Information shown:
----

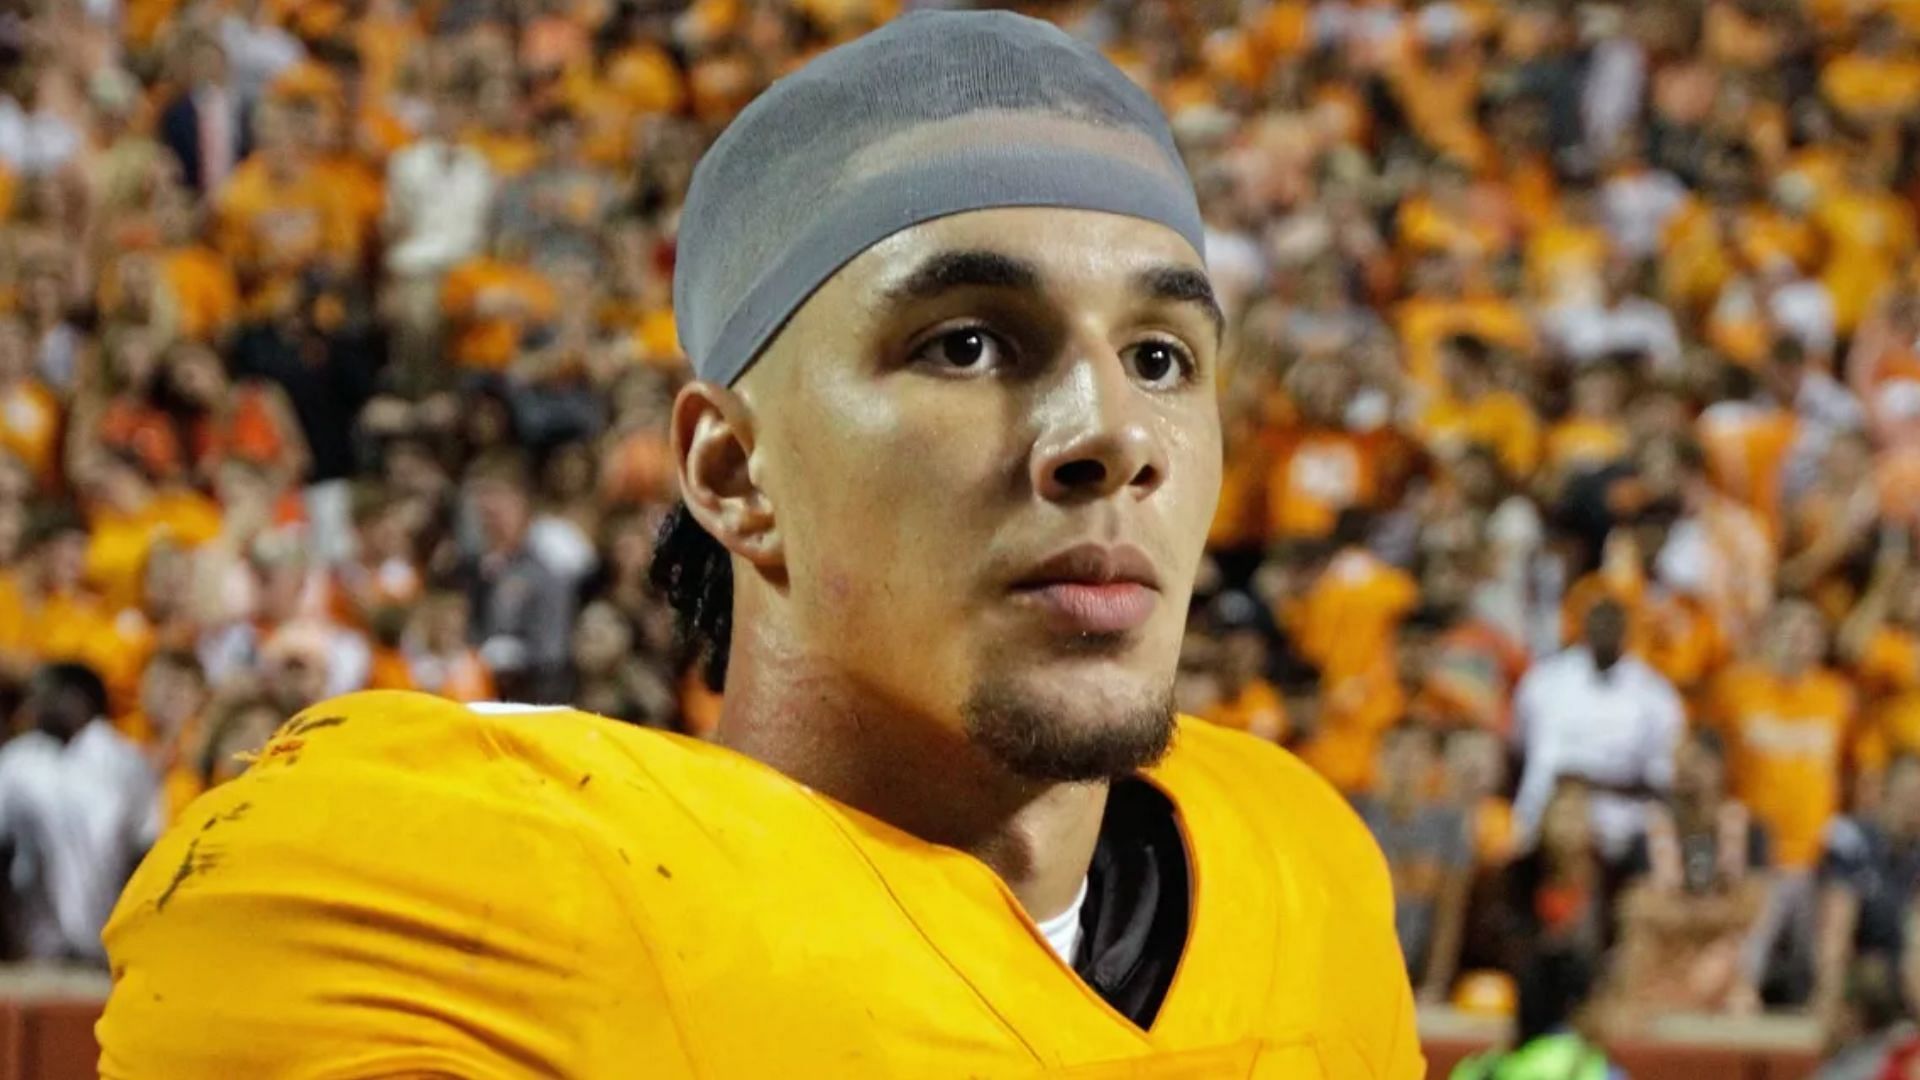 Jalen Hurd played for Tennessee and Baylor before getting drafted in the NFL. (Image credit: Wade Payne/Associated Press)
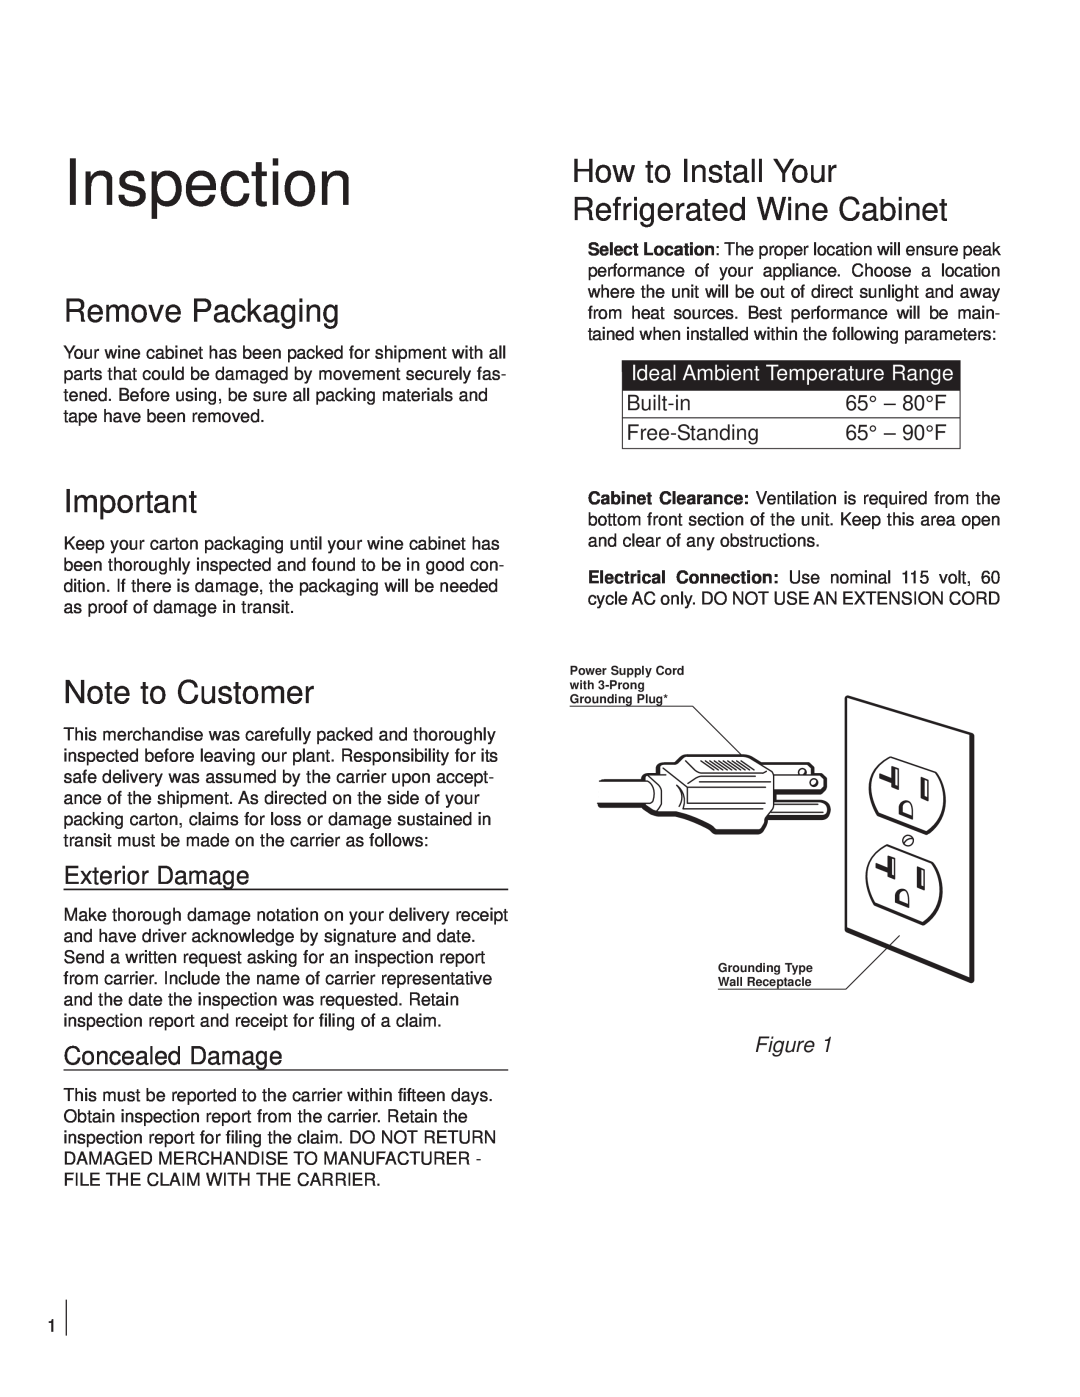 Marvel Industries Refrigerated Wine Chiller manual Inspection, Remove Packaging, Note to Customer, Exterior Damage 
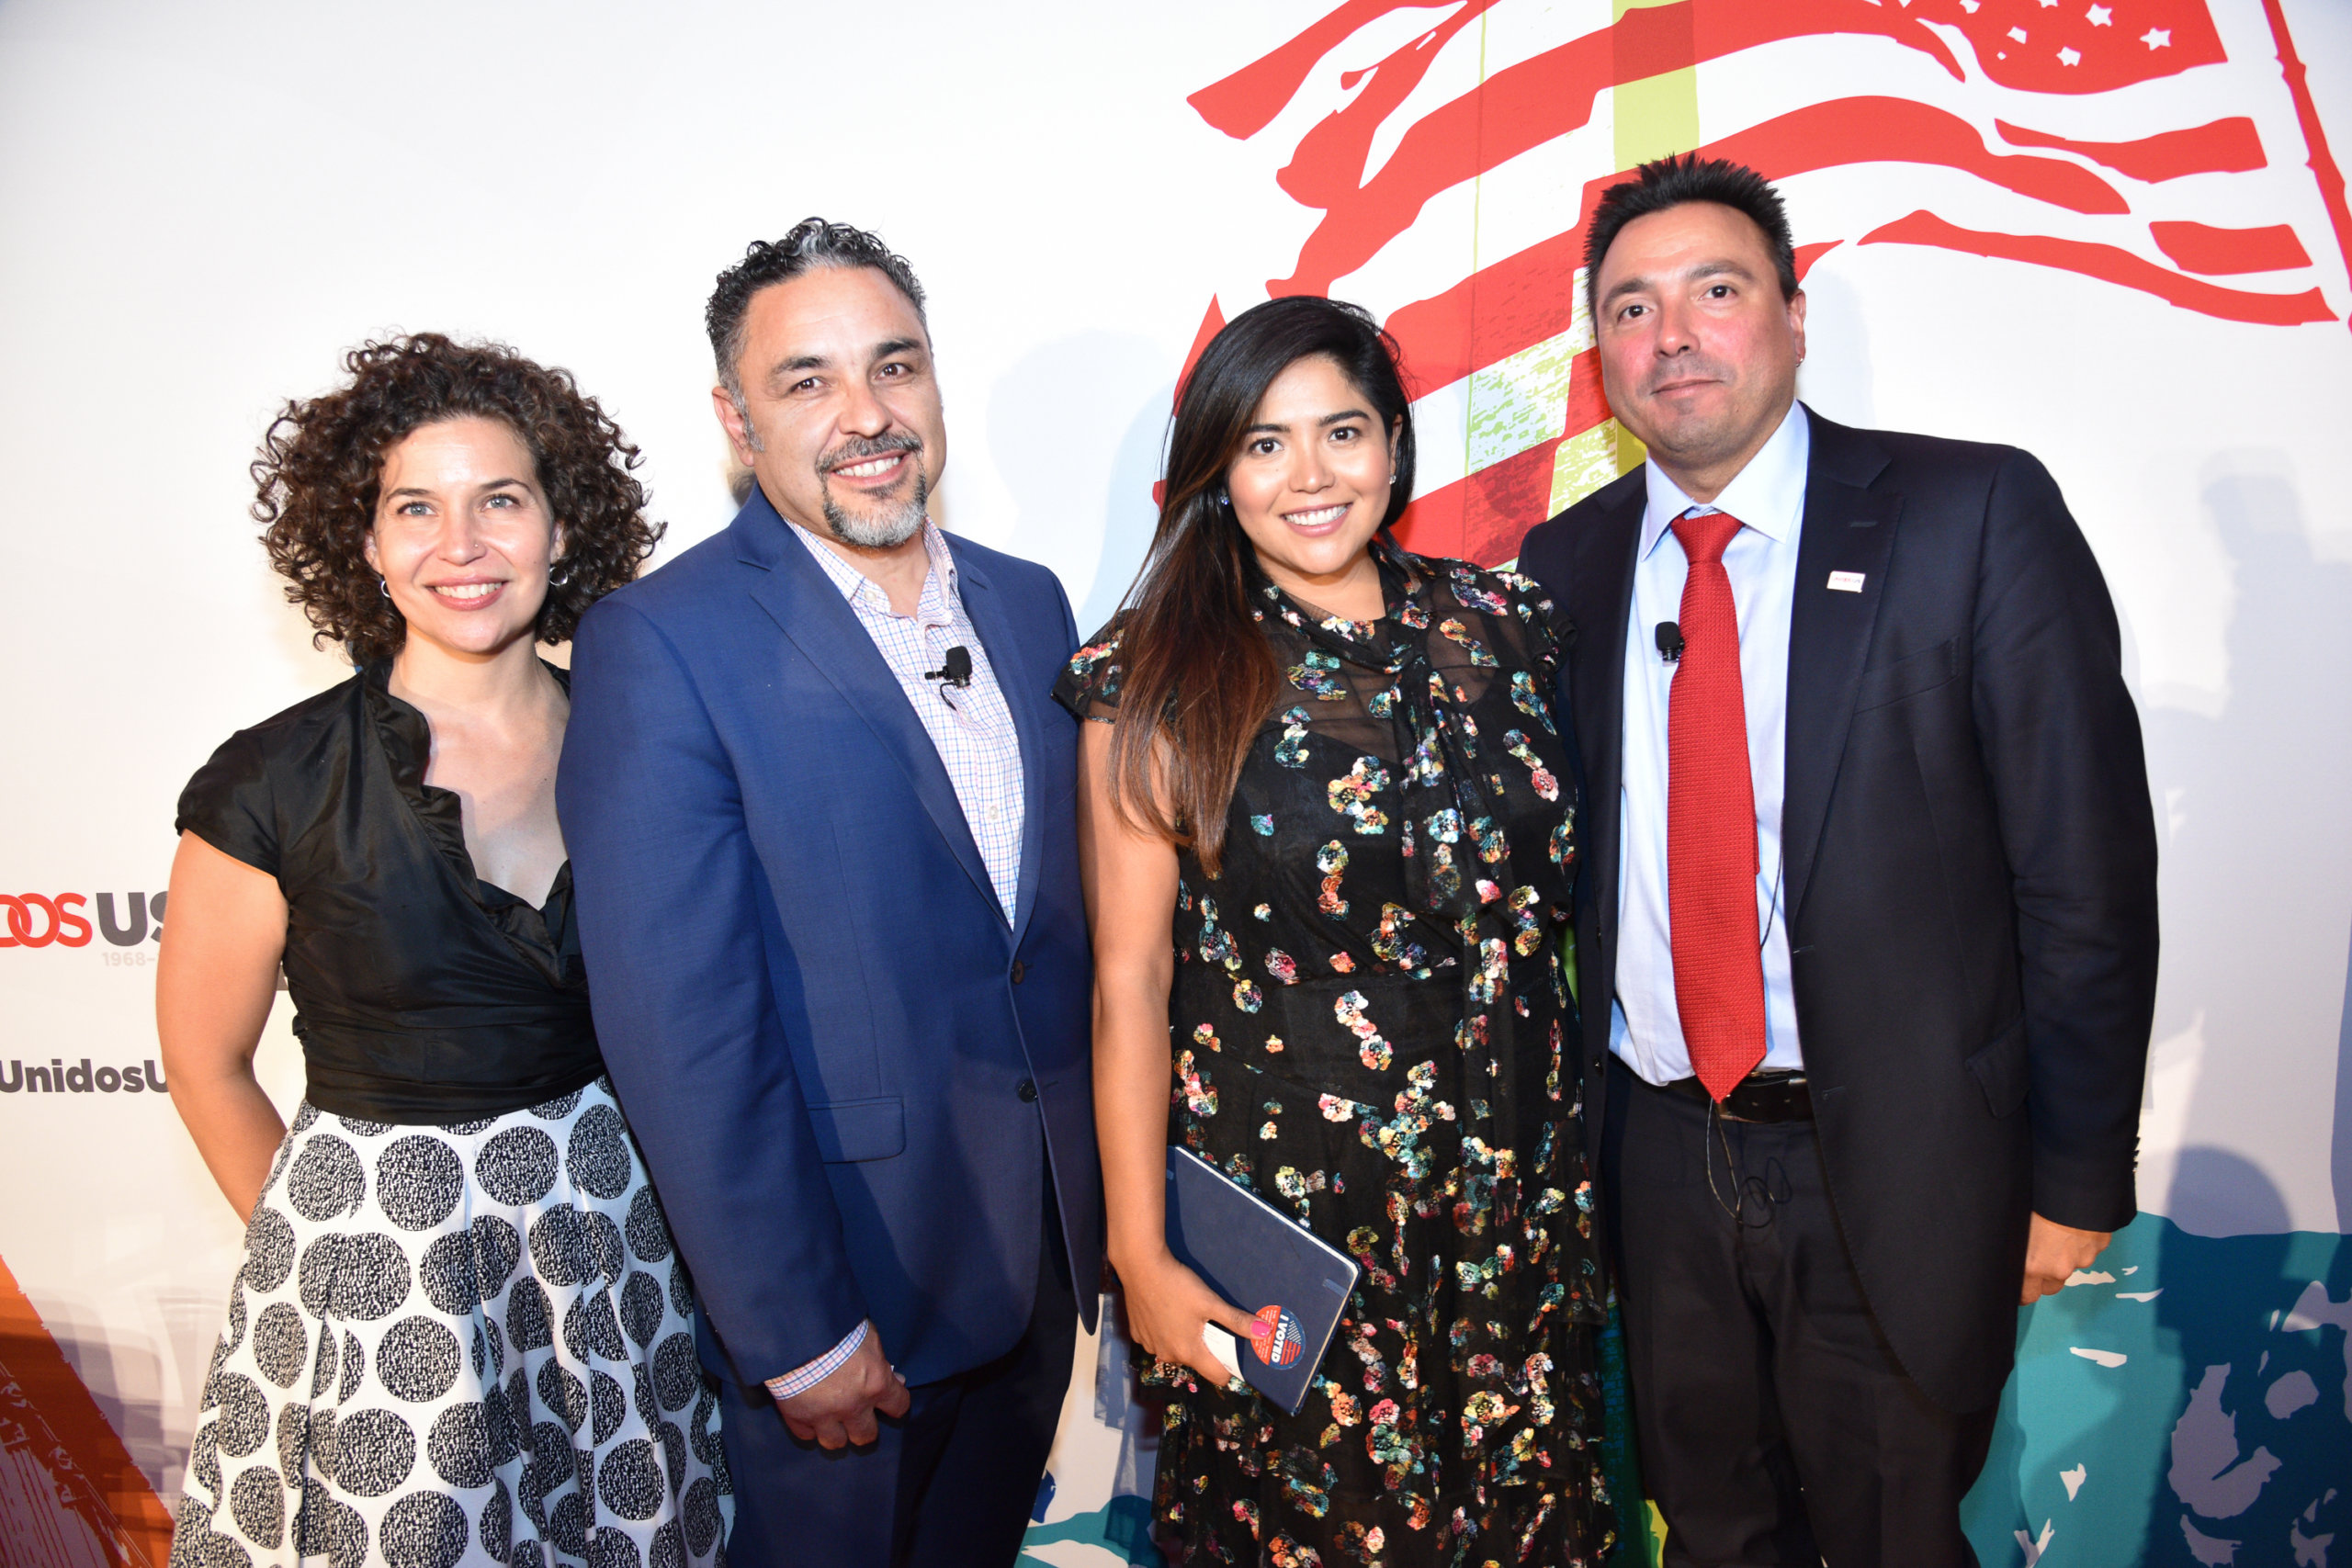 From left: Janis joined UnidosUS Affiliate Mission Asset Fund Founder and CEO José Quiñonez; activist, writer, and producer Julissa Arce, and UnidosUS Senior Vice President for Policy and Advocacy Eric Rodriguez at the 2018 UnidosUS Annual Conference.

----

Activity: Beginning with the line that contains "Marvel Industries Refrigerated", repeat every remaining line of the data exactly, the last line included, and omit pictures.

Task response:
 Marvel Industries Refrigerated Wine Chiller manual Inspection, Remove Packaging, Note to Customer, Exterior Damage 
 From left: Janis joined UnidosUS Affiliate Mission Asset Fund Founder and CEO José Quiñonez; activist, writer, and producer Julissa Arce, and UnidosUS Senior Vice President for Policy and Advocacy Eric Rodriguez at the 2018 UnidosUS Annual Conference.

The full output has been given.